I usually make a stir fry on Friday night with whatever vegetables I have leftover from the week. It is a great way to clear out the fridge and money saving as well. This recipe can be easily adapted to use up whatever leftover veggies you have on hand, I have even added tomatoes to stir fry with great success (though not in C's eyes!) I adapted this recipe from Tide and Thyme's recipe for Ginger Pork. Miss F wanted chicken, so I made the change for her. The sauce is incredibly easy to make and tasted just perfect. Miss F ate all her veggies except for the mushrooms. I was a huge mushroom fan as a kid, but I understand that many folks just don't like them. I am still getting used to cooking rice at 8000 feet.

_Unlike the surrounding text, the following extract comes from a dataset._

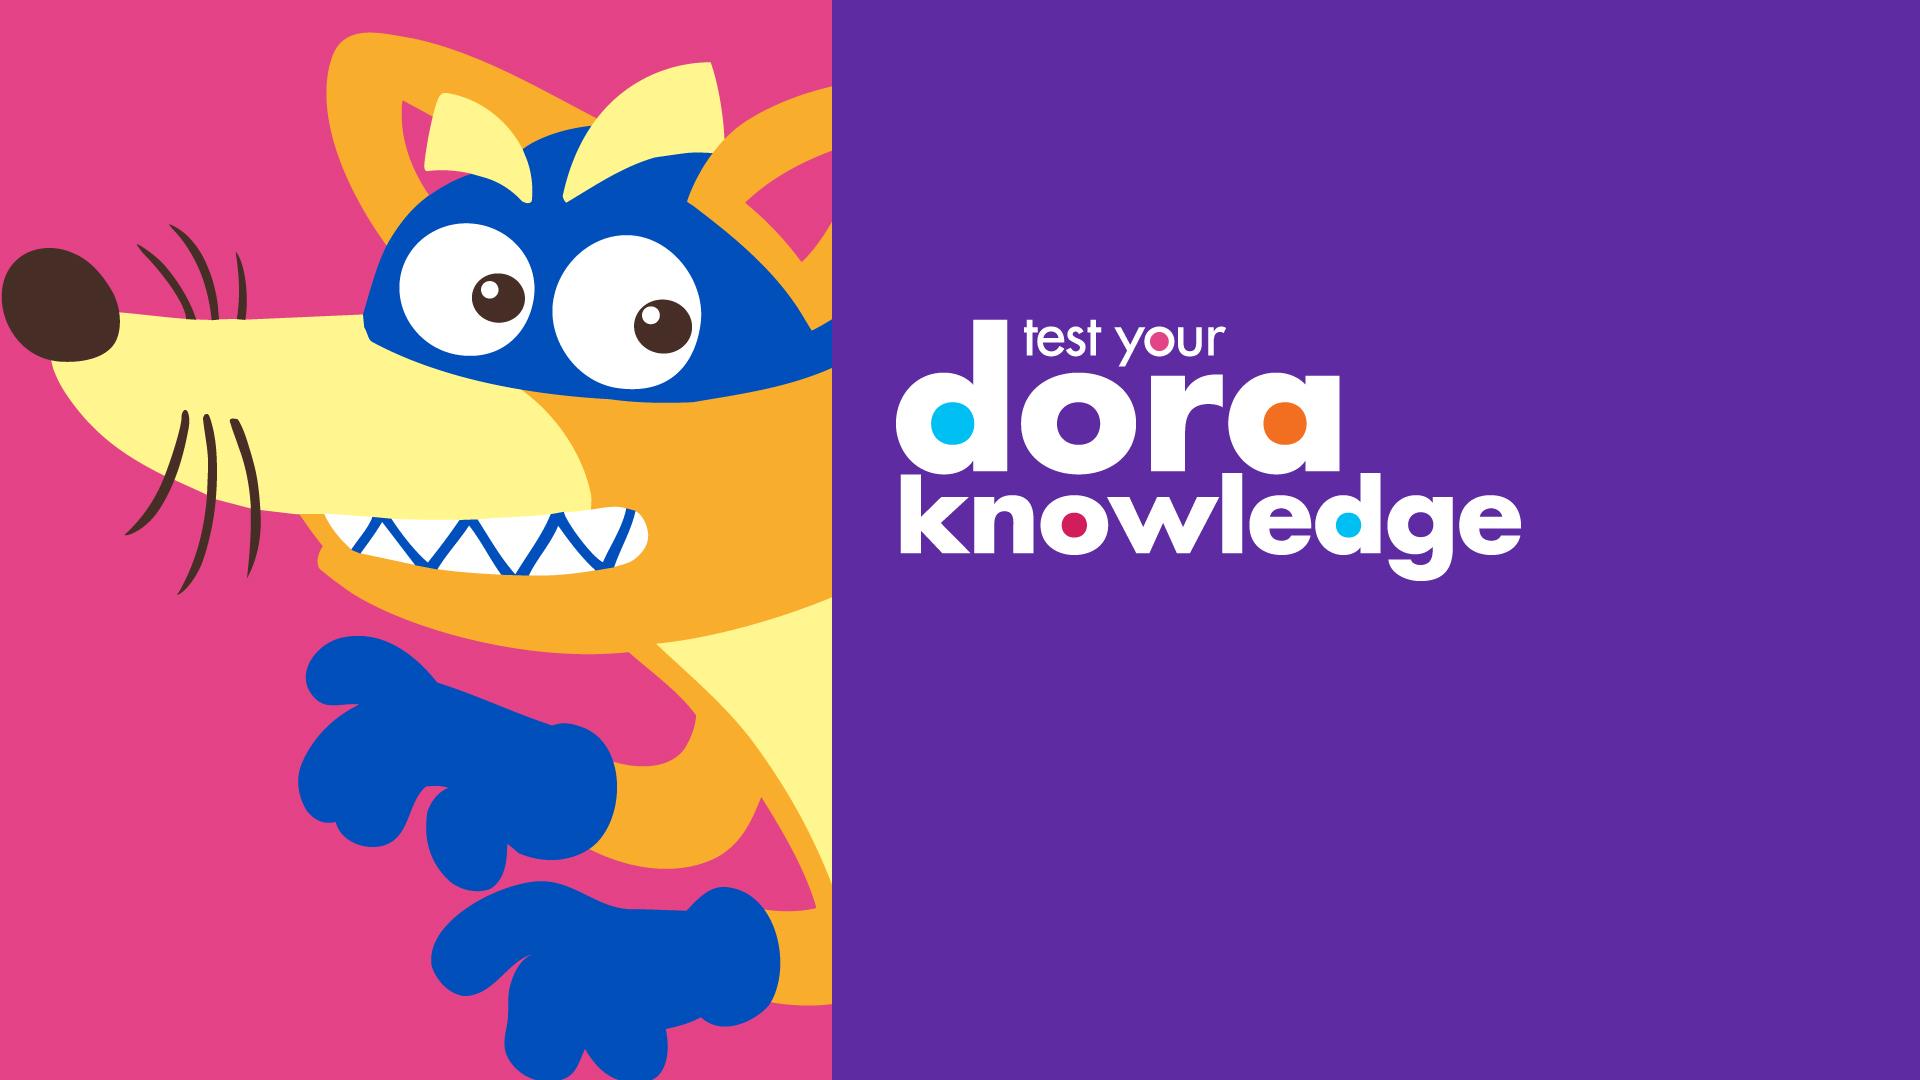 SuperFanSunday_DORA_Swiper_knowledge.jpg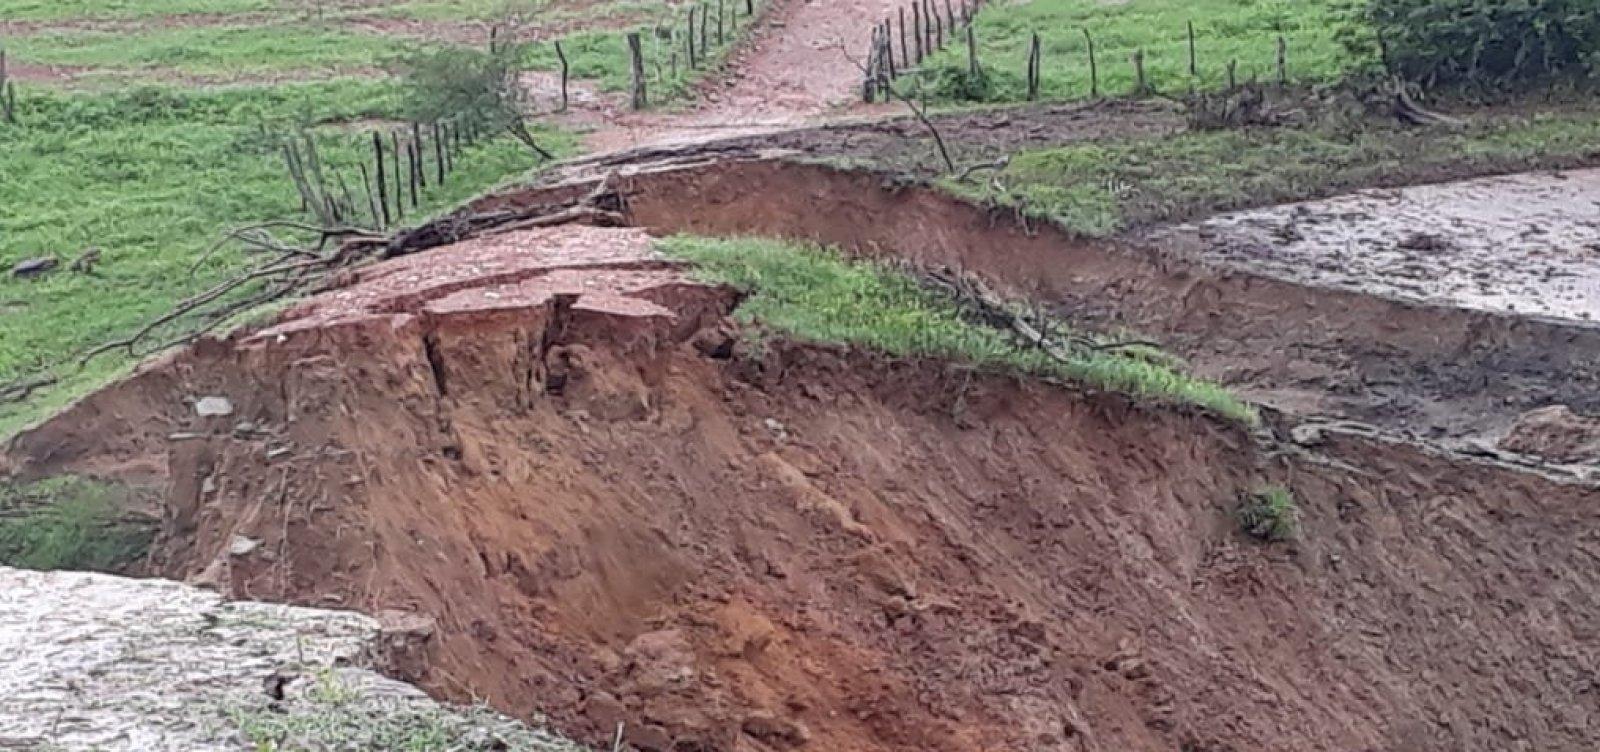 [Vídeo e foto mostram rompimento parcial de barragem em Pedro Alexandre]

White rice takes over 20 minutes, so I haven't even bothered with brown rice up here...it would probably take hours! |
2 tablespoons soy sauce
4 teaspoons vegetable oil, divided
2 cloves garlic, minced
2-inch piece of ginger, peeled and finely grated
2 boneless skinless chicken breasts, cut into bite sized pieces
½ cup mushrooms, quartered
½ red bell pepper, chopped
½ onion, chopped
1 cup broccoli florets
½ cup chopped green beans
Sauce:
1 cup chicken broth
2 tablespoons cornstarch
2 tablespoons soy sauce
2 tablespoons oyster sauce
2 tablespoons sherry
Combine soy sauce, 2 teaspoons vegetable oil, garlic, and grated ginger in a Ziploc bag. Add chicken to the bag and toss to coat. Let marinade 30 minutes at room temperature.
Whisk together the broth, corn starch, soy sauce, oyster sauce and sherry in a two cup measure. Set aside.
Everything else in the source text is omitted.